A segunda incógnita é o que o MDM pensa sobre a Educação. Não concordando com o actual modelo promovido pela Frelimo que permitiu tornar muitos moçambicanos em cidadãos através da educação para todos, este partido diz que irá entregar parte das responsabilidades aos bancos privados, de modo a financiarem os estudos dos particulares. Ora, sabido que a banca moçambicana tem das mais elevadas taxas de juro no mundo, como tal será possível? As nossas universidades estão cheias de pessoas acima dos 35 anos, pelo que os bancos dificilmente poderão conceder créditos para essa finalidade. Mais uma vez, o MDM navega em pântanos, importando modelos desajustados com a realidade. Acima da afeição ou desafeição que acaso nos inspirem outros povos, e, por isso mesmo, muito acima das questões sentimentais suscitadas pelo desejo de «bem governar», aliás, de apaixonarem e dividirem os homens pacíficos, deveremos colocar sempre o interesse nacional baseado na realidade local. A própria desorientação absoluta em que vive o MDM, a respeito do dia de amanhã, recomenda que Moçambique e os moçambicanos imponham a si mesmos uma descrição de que, por certo, não poderá advir-lhes mal, nem terão que arrepender-se pelo que até aqui já foi feito em matéria da educação. Tem-se visto que pessoas preparadas dentro deste sistema de ensino questionam com argumentos sólidos a qualidade de ensino em que se formaram. Caso para perguntar, de onde vêm as suas sábias interpretações da má qualidade do ensino se elas reconhecem-se bem formadas? Este não é problema do regime, mas da sociedade como um todo.
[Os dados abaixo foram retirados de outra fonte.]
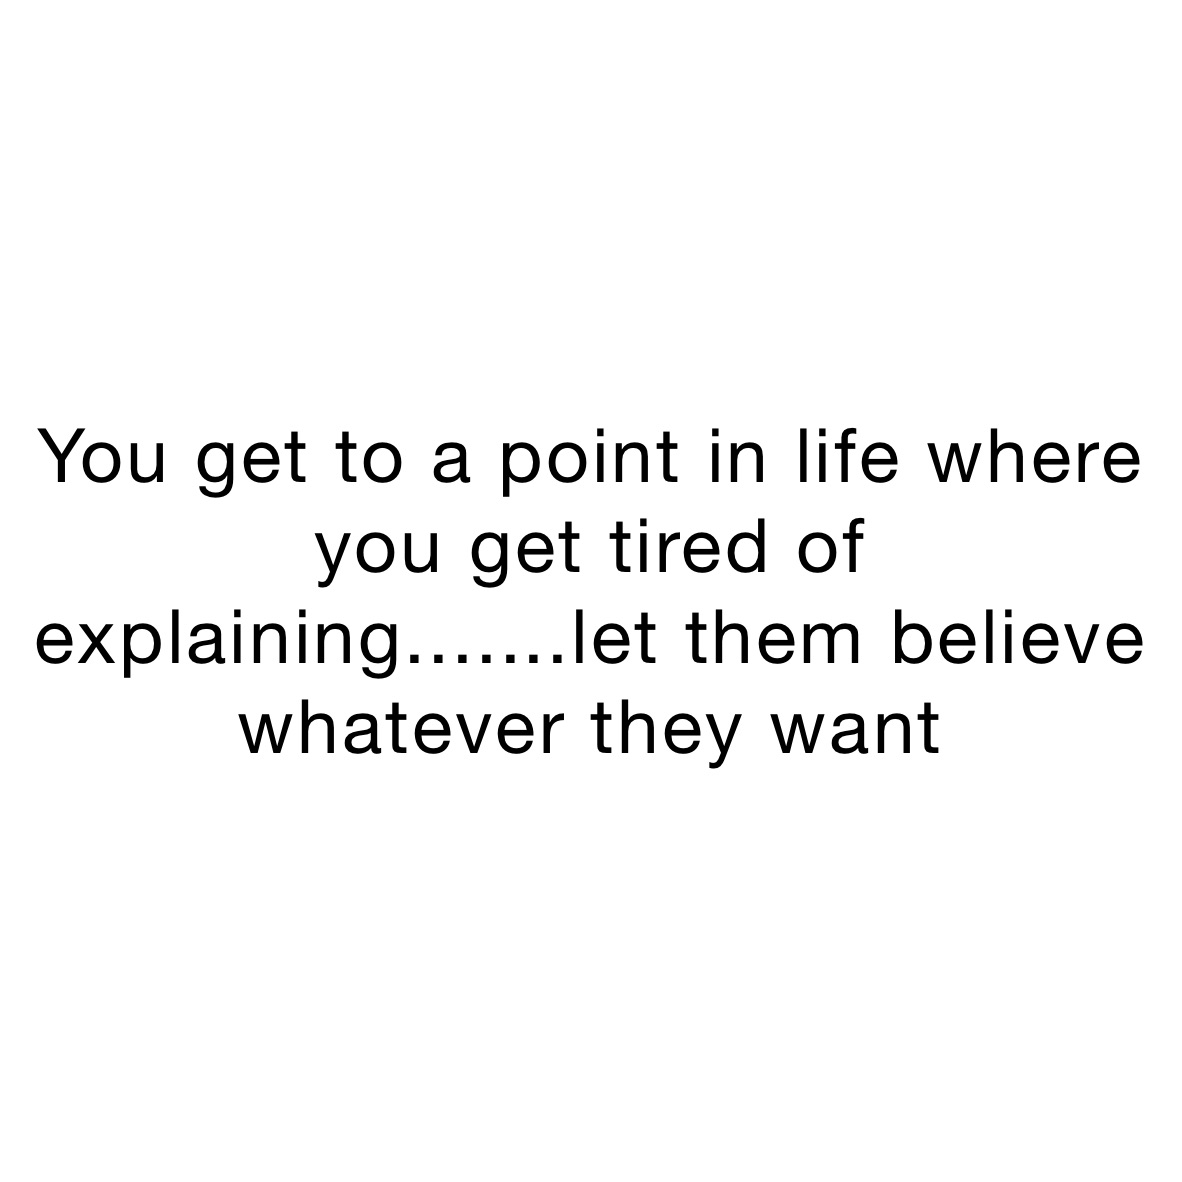 You get to a point in life where you get tired of explaining.......let them believe whatever they want

A propósito, e como ponto final nestas considerações, diremos ainda que continua a parecer-nos difícil sustentar-se à luz dos factos, vistos com exactidão, uma educação com qualidade quando a quantidade dos que a necessitam ultrapassa grandemente os meros desejos dos políticos «que pensam nas eleições». Há combinações secretas que mais duma vez tendem a cair sobre Moçambique e representam ameaça de desrespeito pela nossa soberania e é conveniente não se esquecer que foram, sobretudo, o servilismo cego e má cabeça que o tornou possível e lhe deu alento, a causa do nosso atraso. Não regressemos nunca ao servilismo desastroso que, por muito tempo, motivou que o nosso país fosse objecto de negociações secretas nem reincidamos nas manifestações de má cabeça que em alguns passos da História nos trouxeram amarguras e vicissitudes, e poderemos, assim, confiar em que, terminado o período eleitoral, a nossa escolha não venha a criar-nos dissabores nem arrependimentos. Disse!